China's fintech innovation boosts real economy
Source: Xinhua| 2021-10-23 00:45:36|Editor: huaxia/Ye Ting, Wang Xiaojie, Lu Chang
The 2021 Annual Conference of Financial Street Forum, which concluded in Beijing on Friday, highlighted the importance of fintech innovation to serving the high-quality development of the real economy through more convenient and inclusive financing.
"Now, thanks to tailor-made applications developed by banks, small and micro enterprises are able to obtain financing more easily, unlike in the past when it took up to a month for banks to conduct credit reviews. This is a typical practice of inclusive financing that could better serve the real economy," said Ji Zhihong, vice president of China Construction Bank, at the forum.
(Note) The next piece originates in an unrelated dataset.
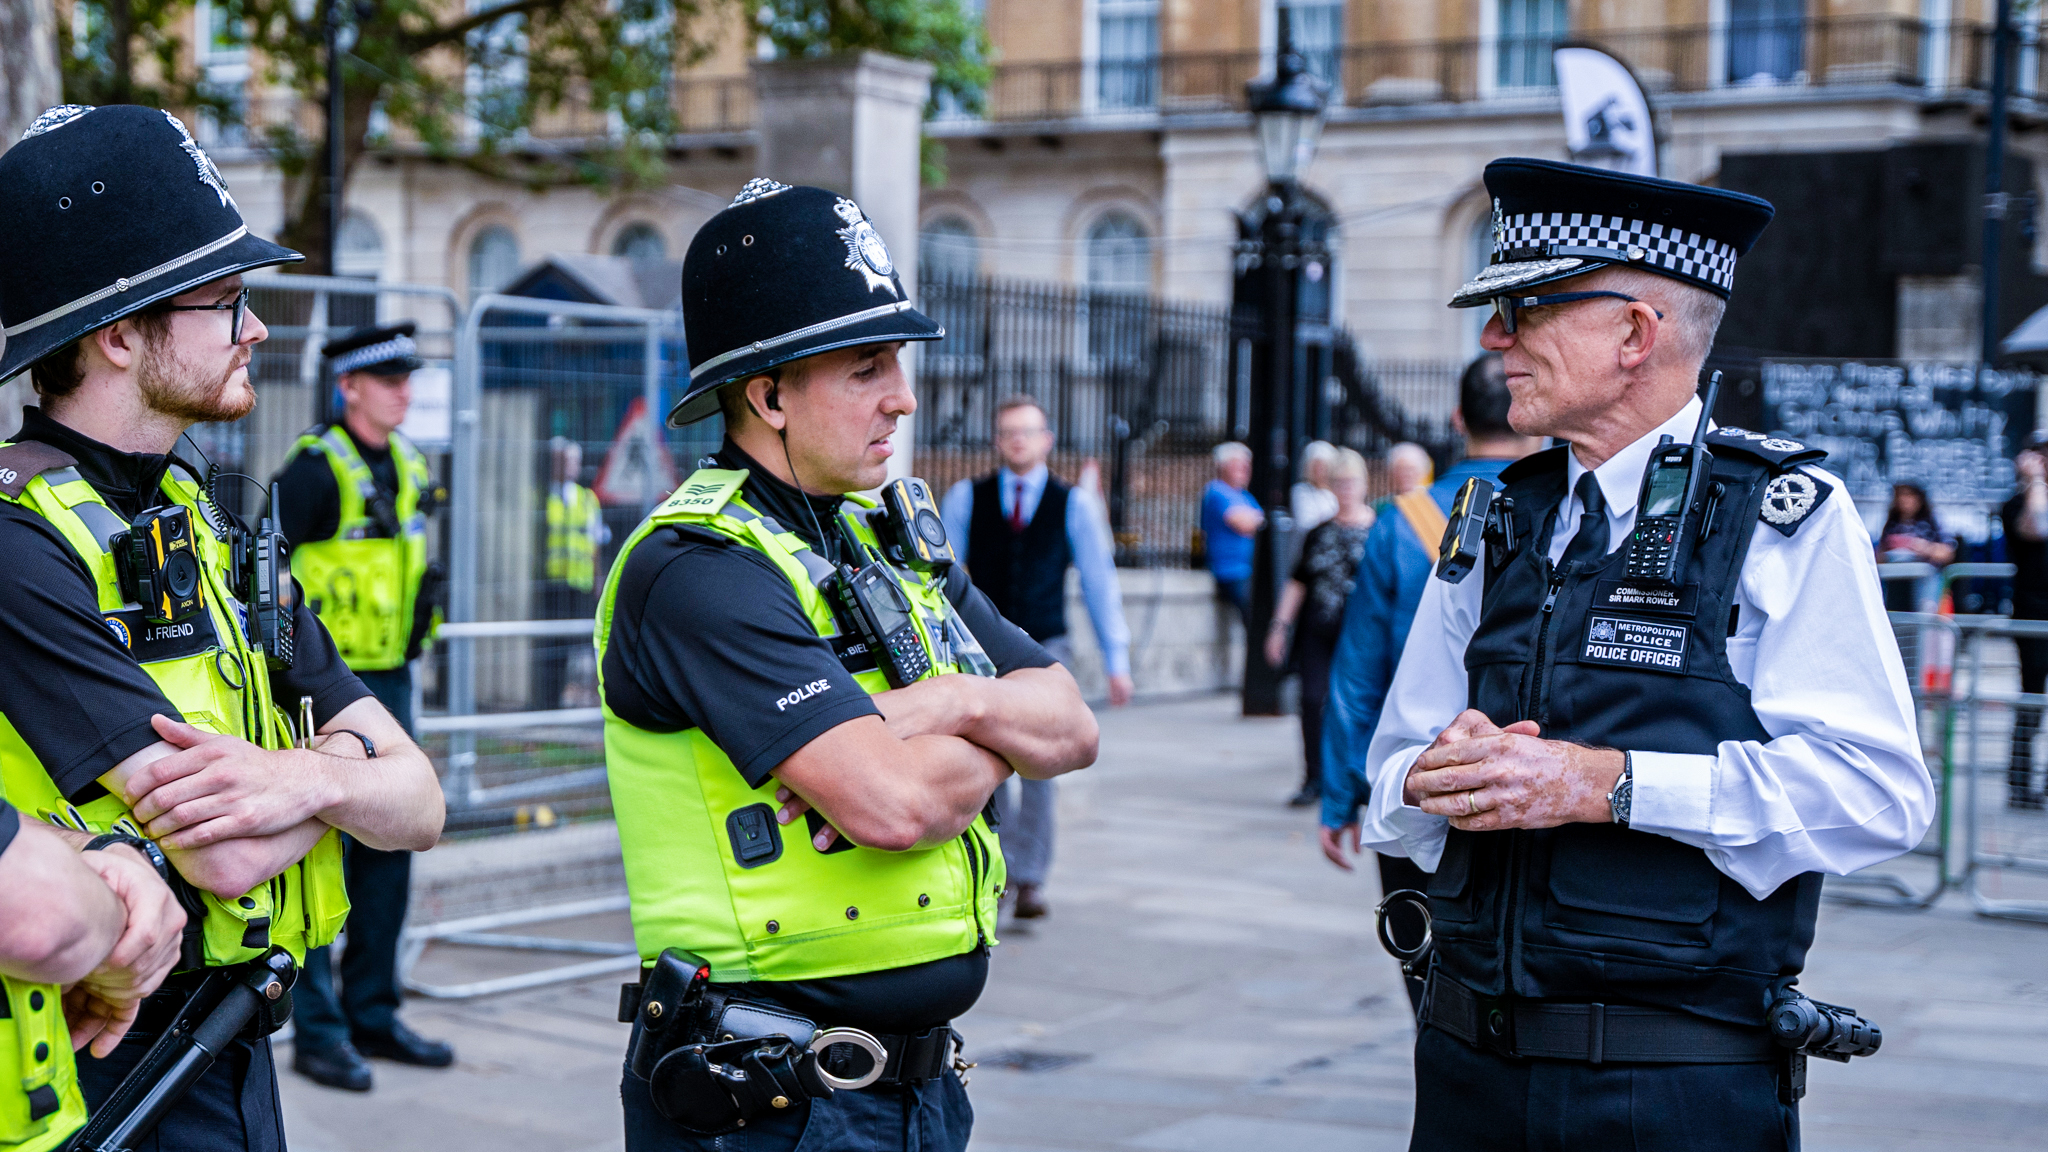 Dos policías fueron apuñalados en el centro de Londres. Quién es el presunto autor

Participants of the three-day event have reached a consensus that the financial sector should meet the more diversified financial demands of the people and the real economy through technological innovation and digital transformation.
"Fintech innovation plays a fundamental role in promoting the development of the real economy through financial services," said Qi Ye, vice president of China Everbright Bank.
"It can push forward the digital development of the industrial economy, accelerate the transfer of offline business to online business, improve efficiency and reduce enterprise management and operation costs," Qi said.
China's central bank has been actively innovating and using structural monetary policy tools to improve the quality and efficiency of inclusive financing in an all-around way to better serve the development of the real economy.
By the end of September this year, the balance of inclusive financing loans to micro, small, and medium-sized enterprises was 18.6 trillion yuan (about 2.9 trillion U.S. dollars), up 27.4 percent year on year, which had benefited over 40 million entities, according to Fan Yifei, deputy governor of the People's Bank of China.
The manufacturing industry has been the main body of China's real economy, making fintech innovation in the sector more than necessary.
It is the duty of financial institutions to serve the manufacturing industry, which will also help them seize market opportunities, according to Liao Lin, president of the Industrial and Commercial Bank of China (ICBC).
In the first half of this year, the balance of ICBC loans to the manufacturing industry exceeded 2 trillion yuan, with loans to strategic emerging industries amounting to 1 trillion yuan, according to Liao.
"Without the real economy, finance would be like water without a source or a tree without roots," said Wang Jian, vice president of the Bank of Beijing. "Considering the new situation of the high-quality development of China's real economy, finance can only be more innovative when it is actively integrated into the real economy."